CONTAINING LINKS TO 1280 STORIES FROM THE NETWORKS' NIGHTLY NEWSCASTS
     COMMENTS: Oklahoma! Where the Wind Comes Whistling…

Monday's devastating tornado in Moore Okla was headline news all right. It was just not the type of story that the network nightly newscasts are designed to handle best. Yet it was so awe-inspiring and so dynamic and so heartbreaking that it could not be ignored. Fully 91% of the three-network newshole (54 min out of 60) was devoted to the Oklahoma twister. NBC's Brian Williams anchored on the road, but unhelpfully, from Los Angeles. His newscast was 100% Oklahoma; CBS and ABC each sneaked in a single extraneous item.

This is what I mean when I say that this is not the type of story the nightly newscasts are designed to handle:

The idea of airing a newscast in a once-in-every-24-hour cycle is that it gives correspondents time to think through the implications of each day's stories, to collect the best soundbites, to edit the events properly, to write the story clearly, to separate the essential from the incidental, to discover that special vignette or anecdotal image that summarizes the whole.

In all, this is useful, if anachronistic journalism. It means that, for important stories, we viewers can get on with our lives for the remainder of the day, secure in the knowledge that the latest breaking developments are being monitored, evaluated and filtered by professionals on our behalf.

In the wake of the tornado in Moore, the newshour arrived too soon, the situation on the ground was changing too rapidly, and the logistics of reaching the scene to start reporting were too time-consuming, for the network newscasts to differentiate themselves from the non-stop, non-reflexive style of breaking news on the 24-hour cable channels.

So if, in the first hours after the devastation, you were looking for considered, properly-reported stories on, say, the role of global warming in exacerbating severe weather, or the wisdom of zoning laws that allow single-family and trailer homes in a well-traveled path of Tornado Alley, or the costs and subsidies of storm shelters for working class residents, then you were bound to be disappointed.

The only category of expertise, able to take the long view, that was immediately available for the newscasts was meteorology. Thus…

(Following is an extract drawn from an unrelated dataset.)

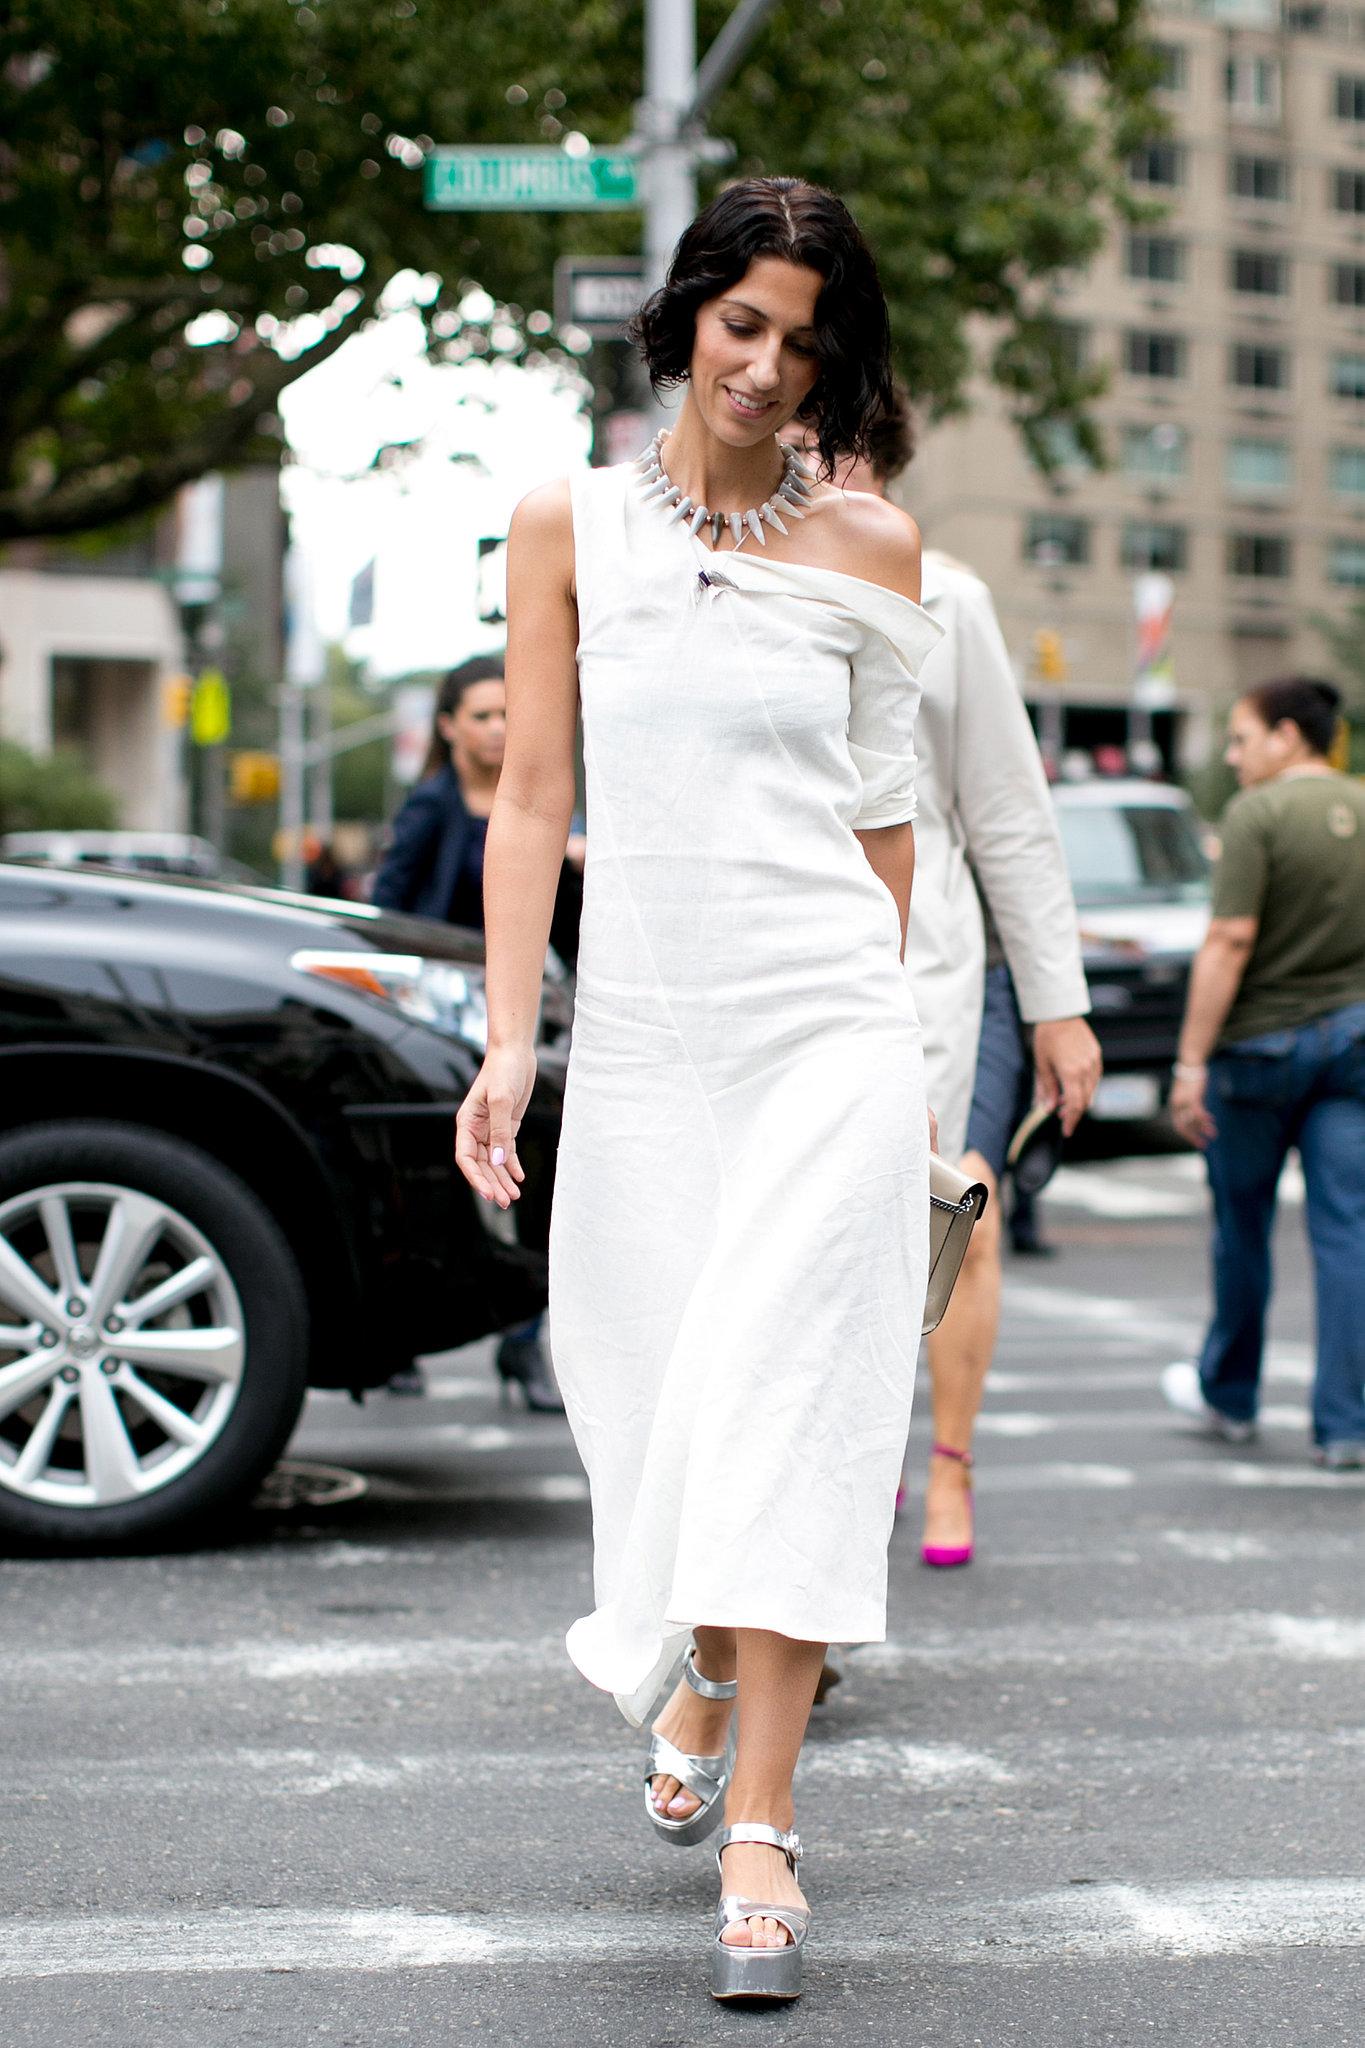 The dress said minimalist, the accessories said otherwise.

NBC went to two correspondents from its sibling network, the Weather Channel, who were already deployed in the field in Oklahoma to cover earlier, smaller twisters: Mike Bettes and Mike Seidel.

The morning shows were also represented: Sam Champion of ABC's Good Morning America, who was already in Shawnee; Al Roker of NBC's Today, who filed briefly from Moore.

By remote, CBS relied on forecaster Dave Bernard from WFOR-TV, its Miami affiliate. NBC went to Weather Channel headquarters in Atlanta where Chris Warren offered detailed, expert radar analysis.

And from ABC's xTreme Weather Team, Ginger Zee showed off her stormchasing Dominator trucks complete with footage from tvnweather.com. Of all the TV meteorologists, Zee is the true weather-porn star.